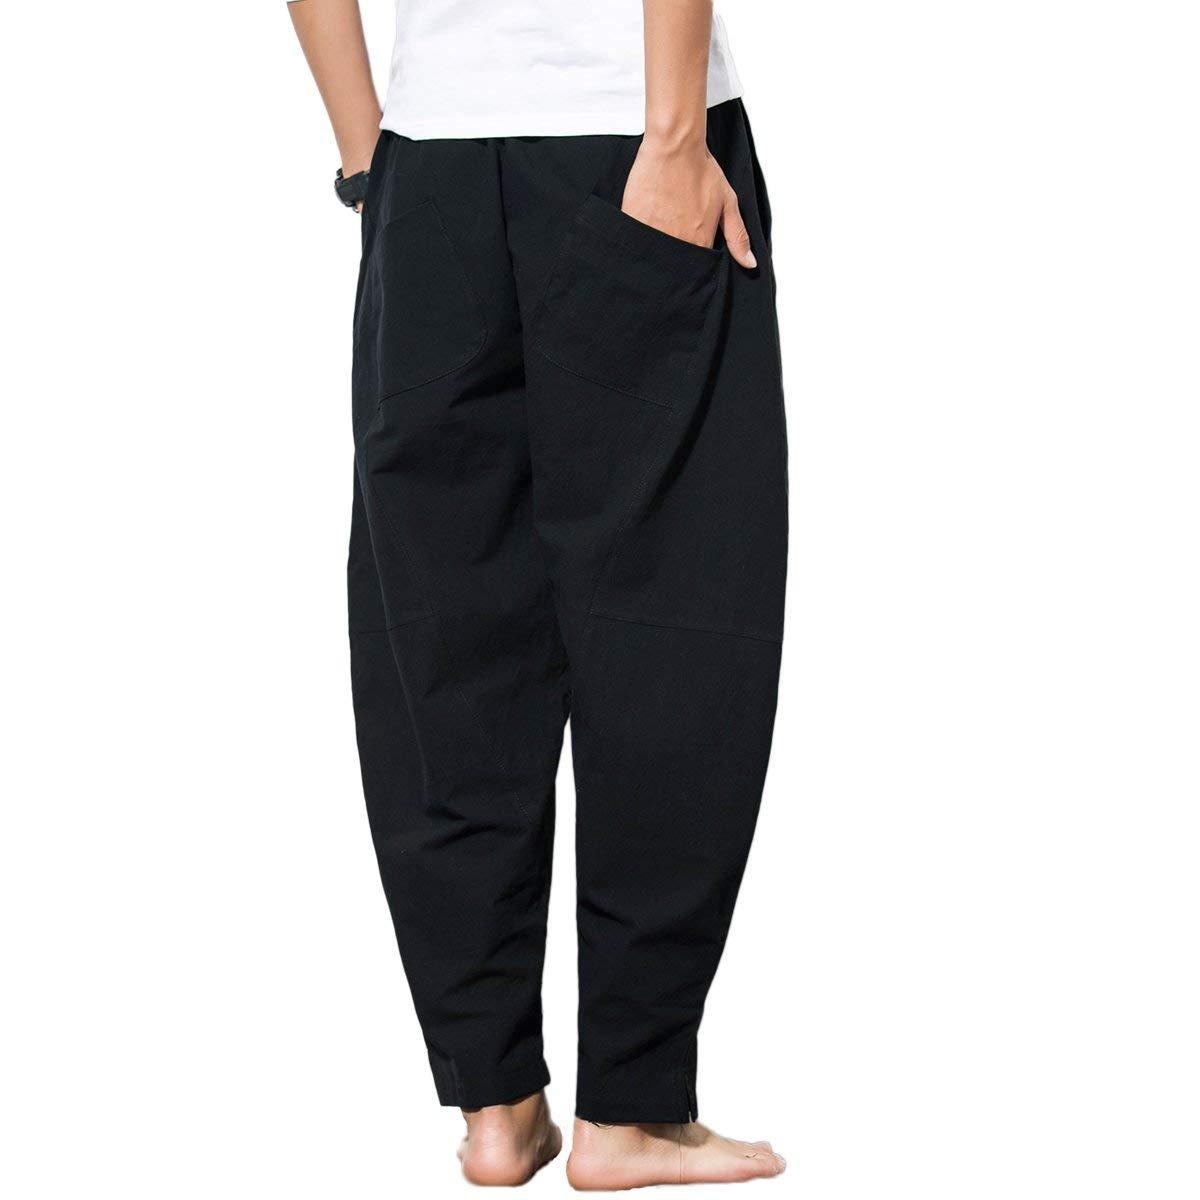 Capri Baggy Pantalones Lino Hombre Harem Tienew Casual Pantalón xPYZ4wPqO
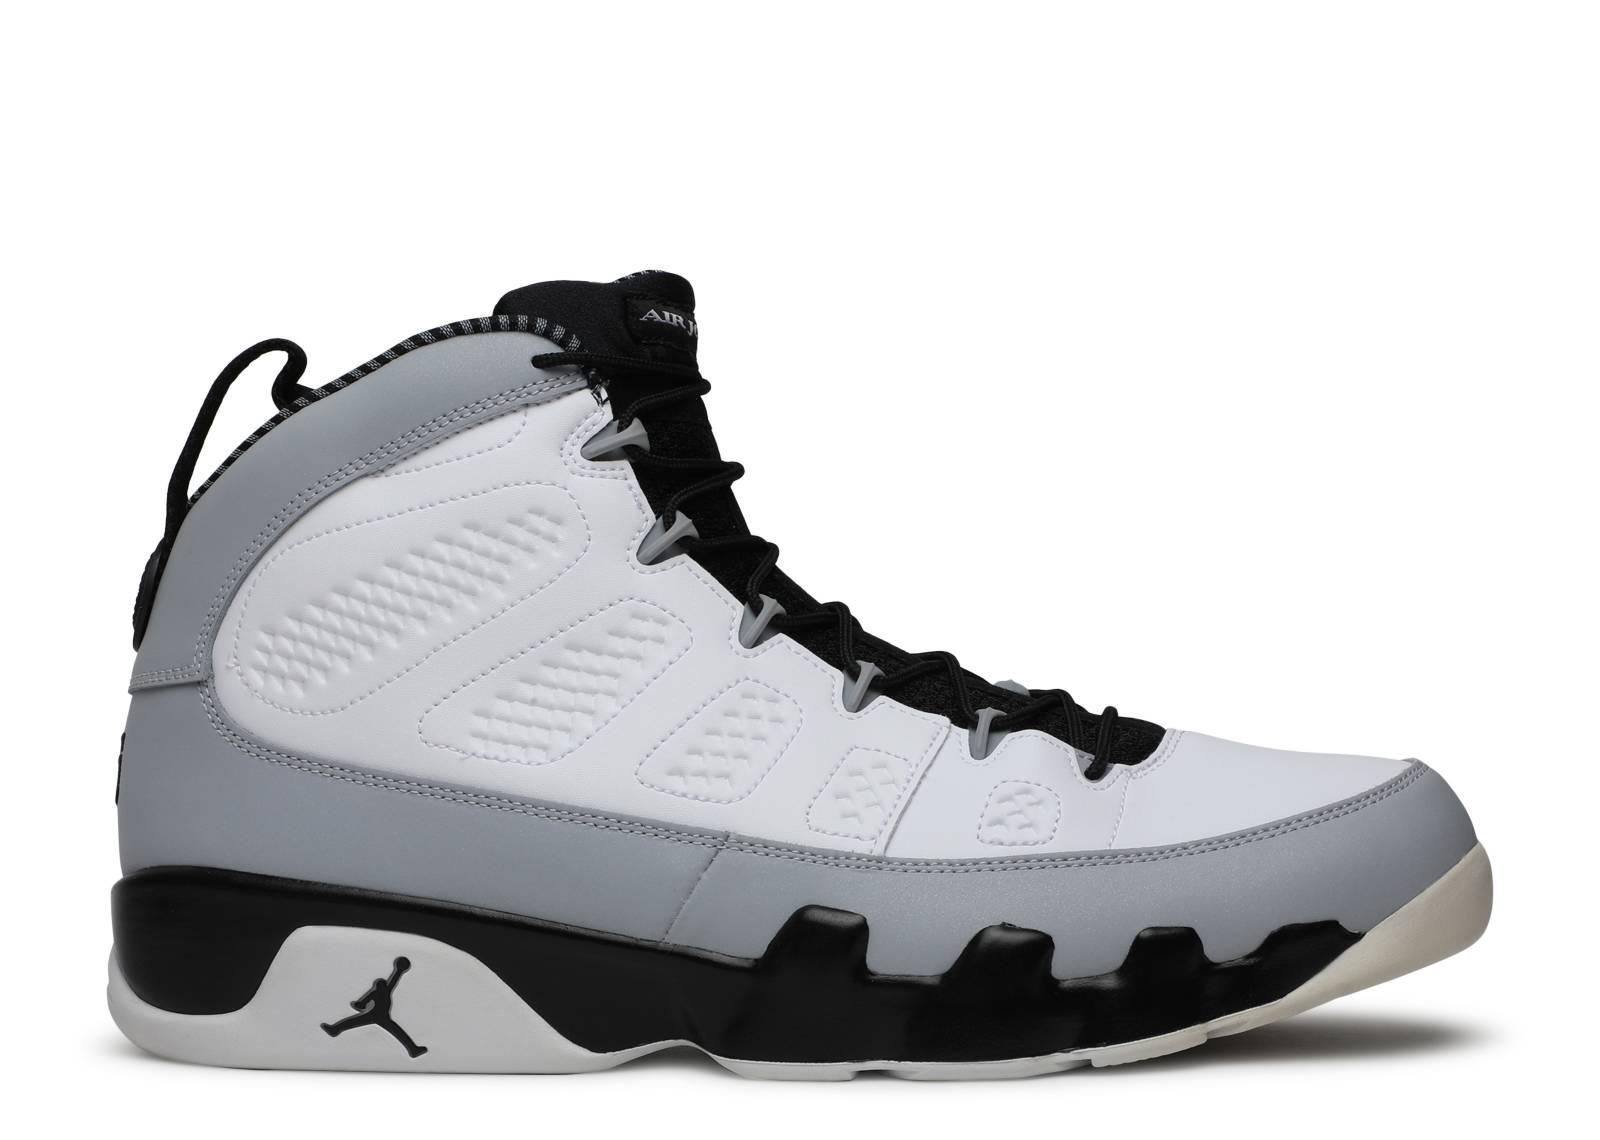 d5cd6699f4d8 Air Jordan 9 Retro
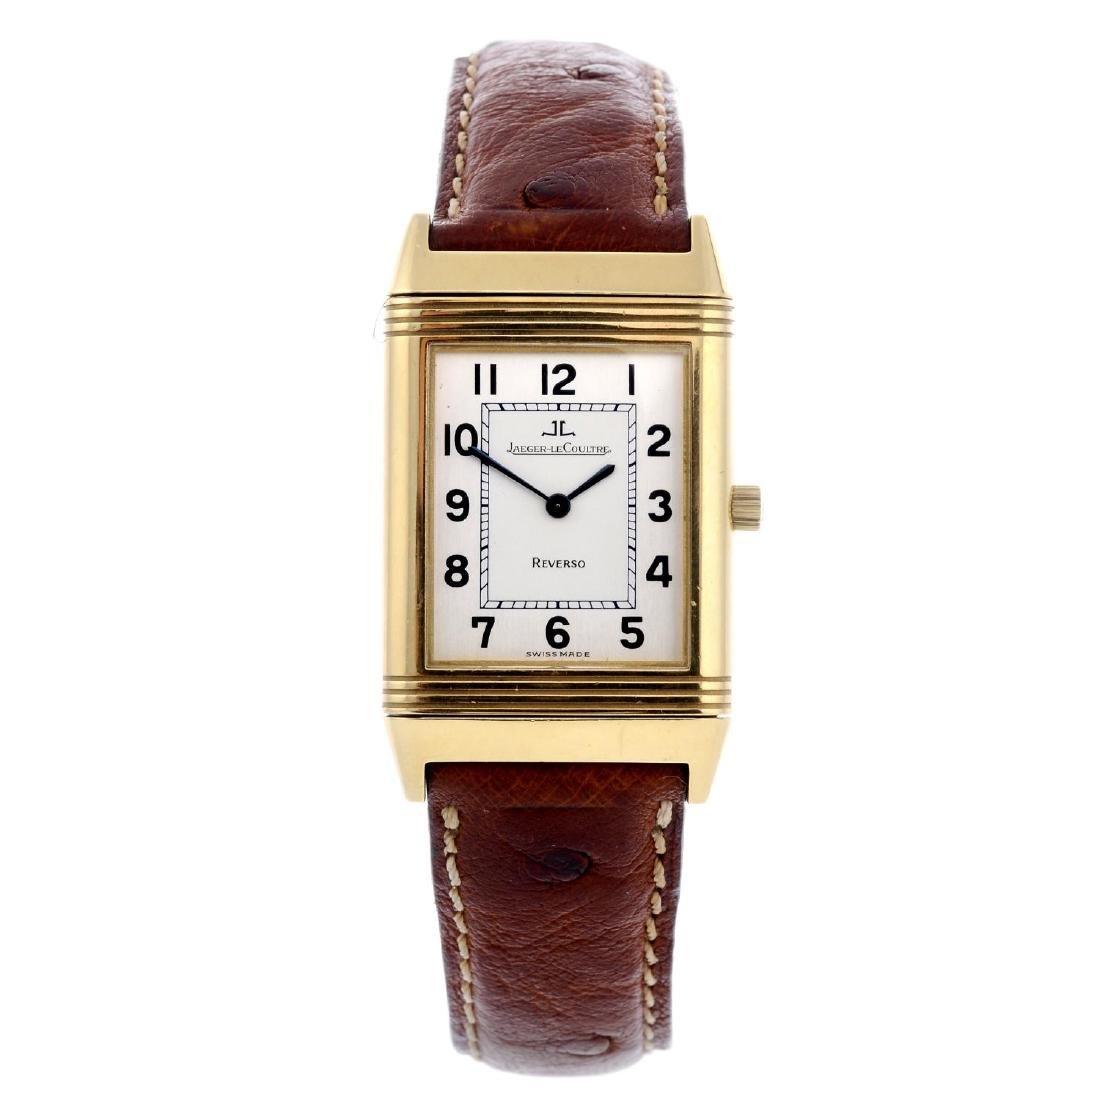 JAEGER-LECOULTRE - a Reverso wrist watch. Yellow metal

Problem –
Reproduce the lines above exactly, image-free.

Reply to the task –
 Capri Baggy Pantalones Lino Hombre Harem Tienew Casual Pantalón xPYZ4wPqO
 d5cd6699f4d8 Air Jordan 9 Retro
 JAEGER-LECOULTRE - a Reverso wrist watch. Yellow metal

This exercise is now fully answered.